Lawson Perhaps they took this movie and improved on it and came up with the classic My Man Godfrey, which was released a year later. Both tell a story of a rich man who pretends to be a butler so as to get close to a woman he's infatuated with. It's the sort of story I love, I have to admit, so I was quite disappointed that this movie wasn't as well-written as Godfrey, and that Herbert Marshall is not nearly as charming as William Powell. It's a bit silly that Jean Arthur's employer (she's a cook), who runs a bootlegging gang, would arrive at Marshall's wedding guns-ablazing to bring him back to her when in the first place he wanted her as his mistress.
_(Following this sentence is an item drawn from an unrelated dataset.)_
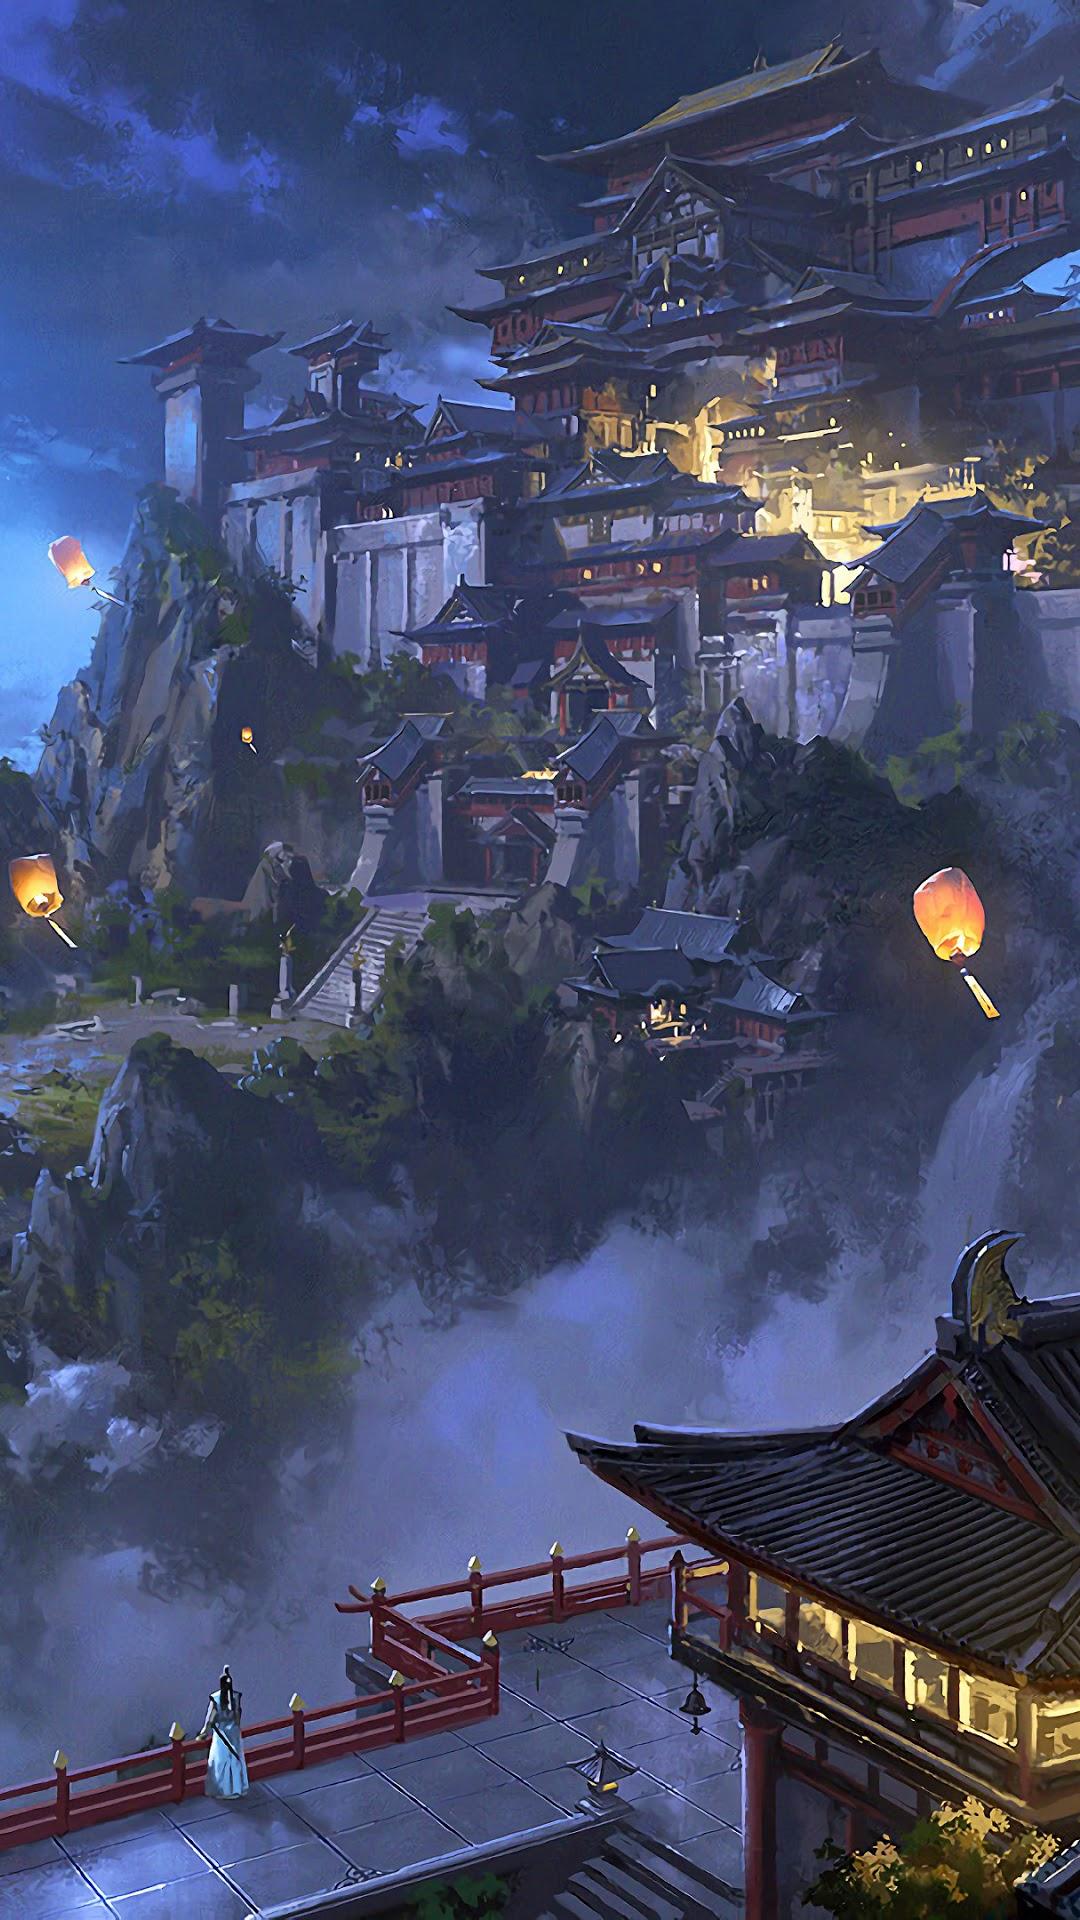 286 2868925 anime sky lantern mountain japanese castle night iphone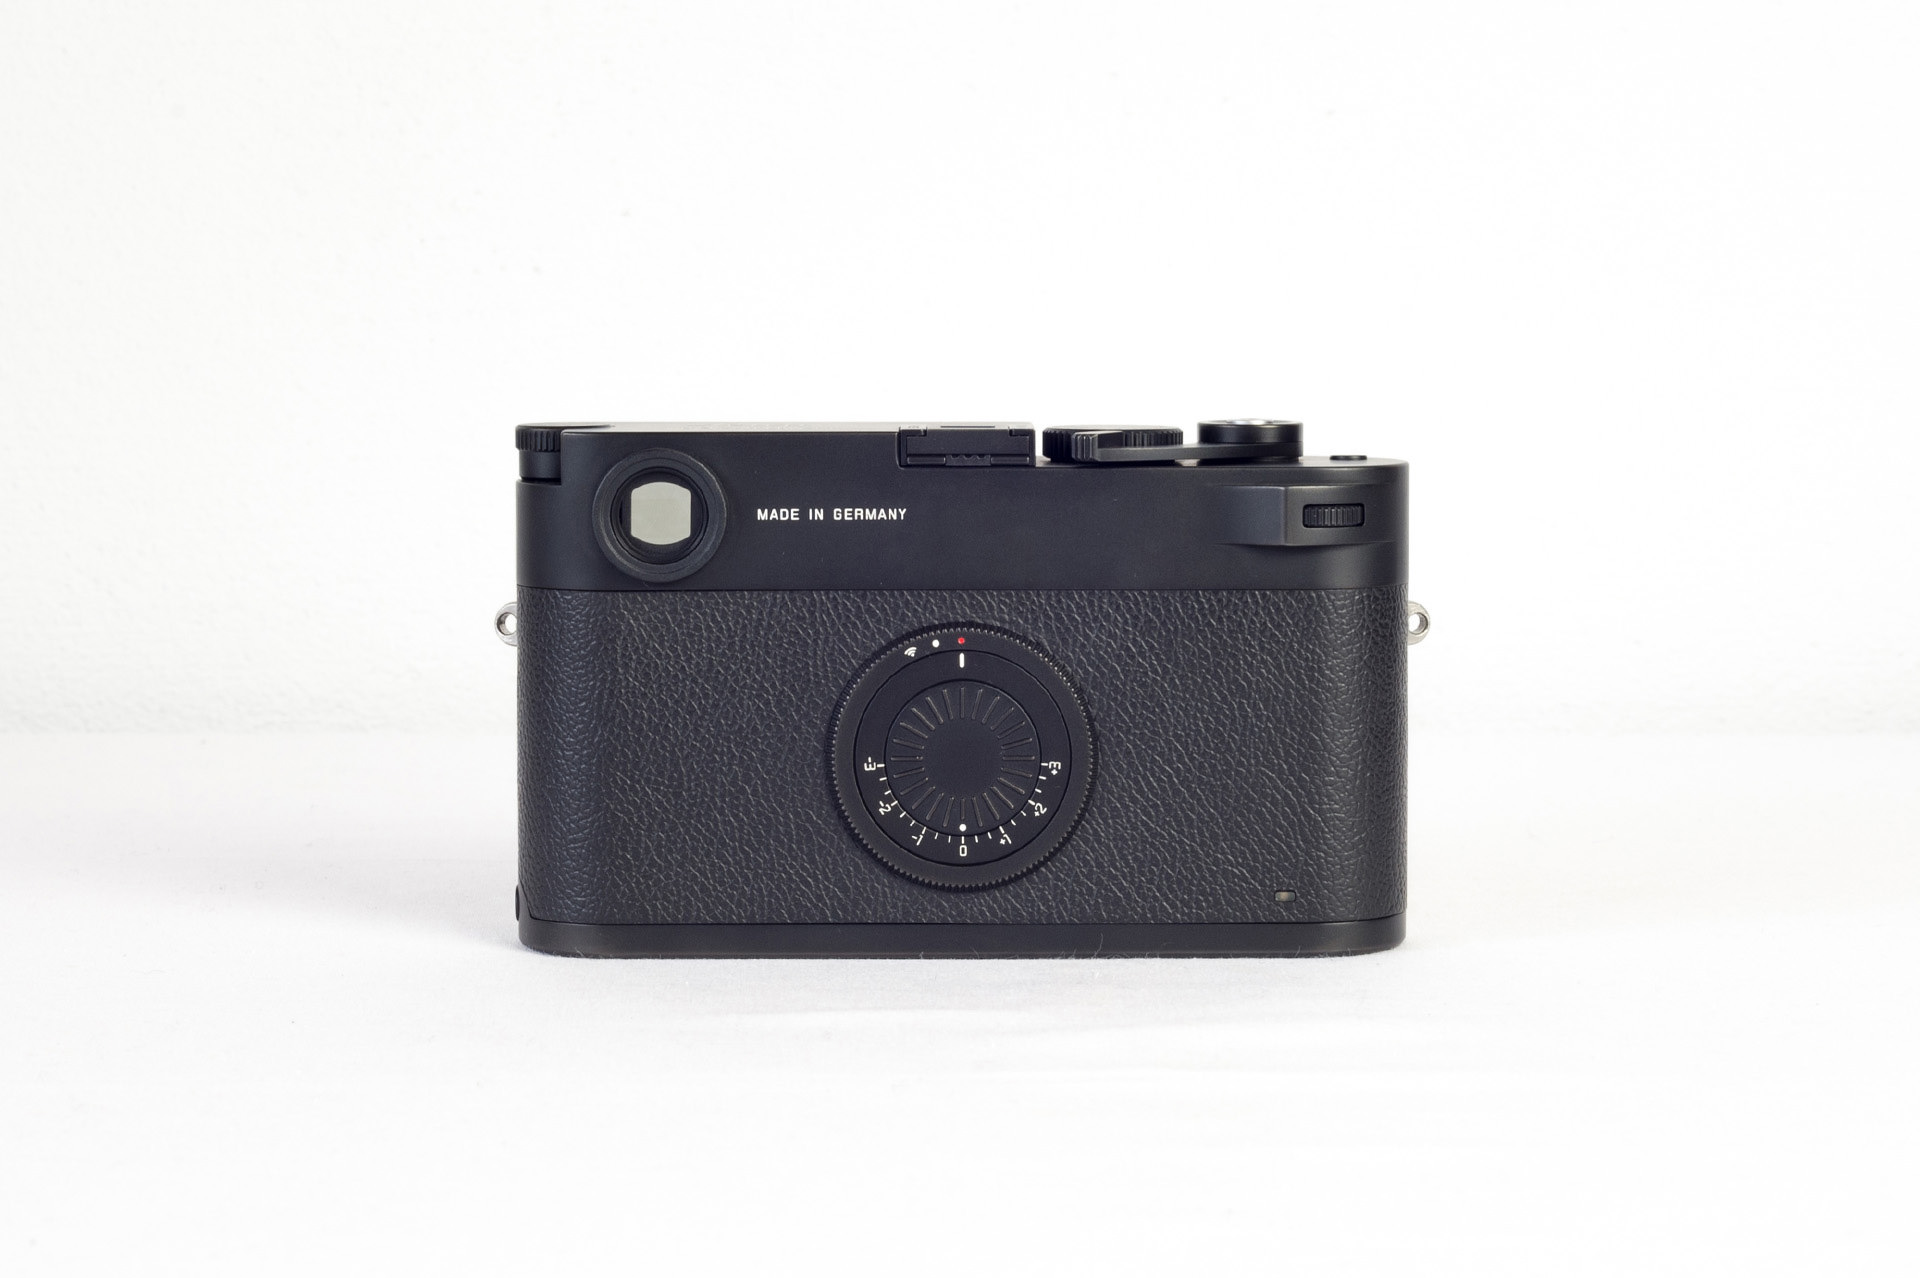 Leica M10-Dとは。価格は?

It's only because I love Jean Arthur that I'm giving this movie a marginal thumbs-up.
movingpicturegal Entertaining, almost screwball-like, comedy about successful car designer, James Buchanan (Herbert Marshall), soon to be married in what seems like a "marriage of convenience" to a society woman he doesn't love. Well, he meets a pretty out-of-work blonde named Joan (Jean Arthur) on a park bench where she is busy reading the want ads. Finding an ad desiring a married couple for "cook and butler", they decide to pretend they are married and apply for the job (James agreeing to go along with the idea 'cause he "likes" her). Well, they get the job, the employers are a bunch of gangsters, and they end up living in the servants quarters above the garage with just one double bed!This is a very enjoyable film, much better than I was expecting. The plot is lots of fun, and features a couple of my favorite actors, Jean Arthur and Herbert Marshall, who are both great in this - they even seemed to have some chemistry together (even though the first kiss between them looked almost like a boy kissing his grandma). The actors who play the gangsters in this are quite funny, especially Lionel Stander as the main man's sidekick, a guy named Flash who seems like just another dumb mug, but is actually the one who immediately catches on, via snooping around, that James and Joan may not really be a married couple. A really good film that deserves to be more well known than it is.
bkoganbing If You Could Only Cook had been made over at MGM, Jean Arthur would have had her pick of leading men like Robert Montgomery, William Powell, Robert Young, or Franchot Tone all of who might have been a bit more believable as the auto tycoon who gets tired of his stuffy board of directors and walks out on them. As it was Columbia Harry Cohn got her Herbert Marshall is far better cast in more mature parts like in The Little Foxes or the head of MI5 in The List of Adrian Messenger. He really hasn't the touch for light fare like If You Could Only Cook.That's what happens to Marshall though, he walks out on his board of directors and a week before his wedding to Frieda Inescourt who's from a family with an old name, but no dough. On the park bench he runs into Jean Arthur who is one of the great mass of unemployed. They get to talking about food and Arthur sees in the want ads one for a married couple to be cook and butler on an estate. On a whim as these things are in screwball comedies, Marshall and her agree to pose as husband and wife.What they don't know is that who's hiring them is gangster Leo Carrillo who's particular about his food. Not unusual because if you remember Goodfellas the wise guys in stir were very particular about their food and were rich enough to buy what they want in the joint. Carrillo's number two, Lionel Stander, thinks these two just don't sound right.The rest of the film is the normal antics of mistaken identities and mistaken motives and finding out who really loves who after all. It's not a bad film, but not particularly a memorable one.But If You Could Only Cook attained a status way beyond its own importance in film history by becoming the object of a fraud perpetrated on the foreign markets by Harry Cohn. Seems as though when the film reached Europe, Cohn advertised it in the foreign markets as being a Frank Capra Production. When Capra found out about it, he went ballistic and ultimately his connection with Columbia was severed.The story is described in great detail in Capra's memoirs and the whole saga is a great example of the power those studios had back when they were at their height.In fact that whole story might make a great movie.